去阿片化麻醉在乳腺外科手术的应用研究

2024-01-16 07:17黎哲琪周南先李玉忠
现代医学与健康研究电子杂志 2023年23期
关键词:阿片类国药准字插管

黎哲琪 ,周南先,李玉忠

(河源市妇幼保健院麻醉科,广东 河源 517000)

阿片类药物有着强大的麻醉和镇痛作用,是临床麻醉中最常用的药物,但其有明显呼吸抑制、皮肤瘙痒、恶心呕吐等不良反应,影响患者术后康复,甚至可危及患者生命安全[1-2]。去阿片化麻醉(OFA)是一种全新的麻醉理念,采用非阿片类药物,能有效阻断伤害性、应激性的神经传导,确保麻醉效果,减轻机体刺激,近年来国内外许多医疗机构开展了OFA 的临床研究,取得了一定的成果和进展,并且开始逐渐应用于临床麻醉中。 OFA 是在尽可能不使用阿片类药物的情况下获得高质量麻醉效果的一种麻醉策略,满足临床手术需要和术后患者疼痛的镇痛需求,契合“快速康复外科(ERAS)”理念[3]。故本研究旨在进一步探究OFA 在乳腺外科手术中的麻醉效果,现报道如下。

1 资料与方法

1.1 一般资料以随机数字表法将河源市妇幼保健院选取的60 例2021年8月至2023年2月收治的乳腺癌患者分为对照组、观察组,各30 例。对照组患者年龄38~63 岁,平均(52.68±1.75)岁;美国麻醉师协会(ASA)[4]分级分为Ⅰ级21 例、Ⅱ级9 例。观察组患者年龄37~64 岁,平均(52.64±1.72)岁; ASA 分级分为Ⅰ级20 例、Ⅱ级10 例。两组患者一般资料比较,差异无统计学意义(P>0.05),组间可比。纳入标准:①符合《中国抗癌协会乳腺癌诊治指南与规范(2021年版)》[5]中乳腺癌的诊断标准;②女性;③需手术治疗。排除标准:①合并心脑血管疾病、肝、肾功能不全;②合并重度高血压;③合并消化系统溃疡疾病;④妊娠期。本研究经河源市妇幼保健院医学伦理委员会审核资料后批准,且患者均已知晓本研究情况,并签署知情同意书。
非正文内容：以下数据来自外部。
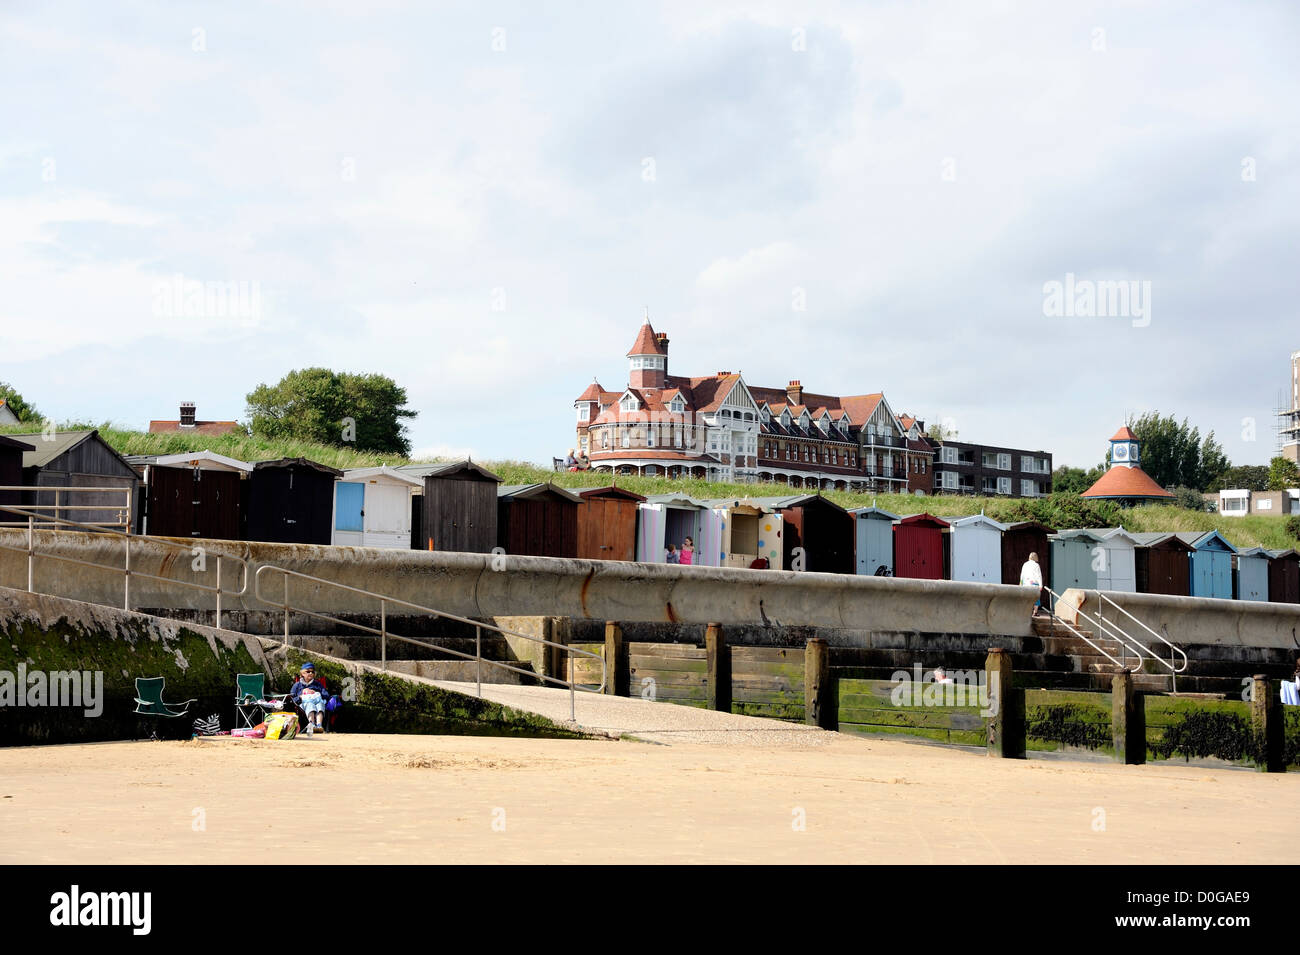 Cabines de plage sur le front de mer de Frinton and on Sea, Essex, Royaume-Uni Banque D'Images

1.2 麻醉方法严格检查仪器运行状况,确保正常,患者入手术室后,连接监护仪,监测患者的生命体征。两组患者麻醉诱导前10 min 使用非甾类镇痛药,如酮咯酸氨丁三醇注射液[德全药品(江苏)股份有限公司,国药准字H20090110,规格:30 mg/支]、氟比洛芬酯注射液(北京泰德制药股份有限公司,国药准字 H20041508,规格:50 mg/支)肌肉注射。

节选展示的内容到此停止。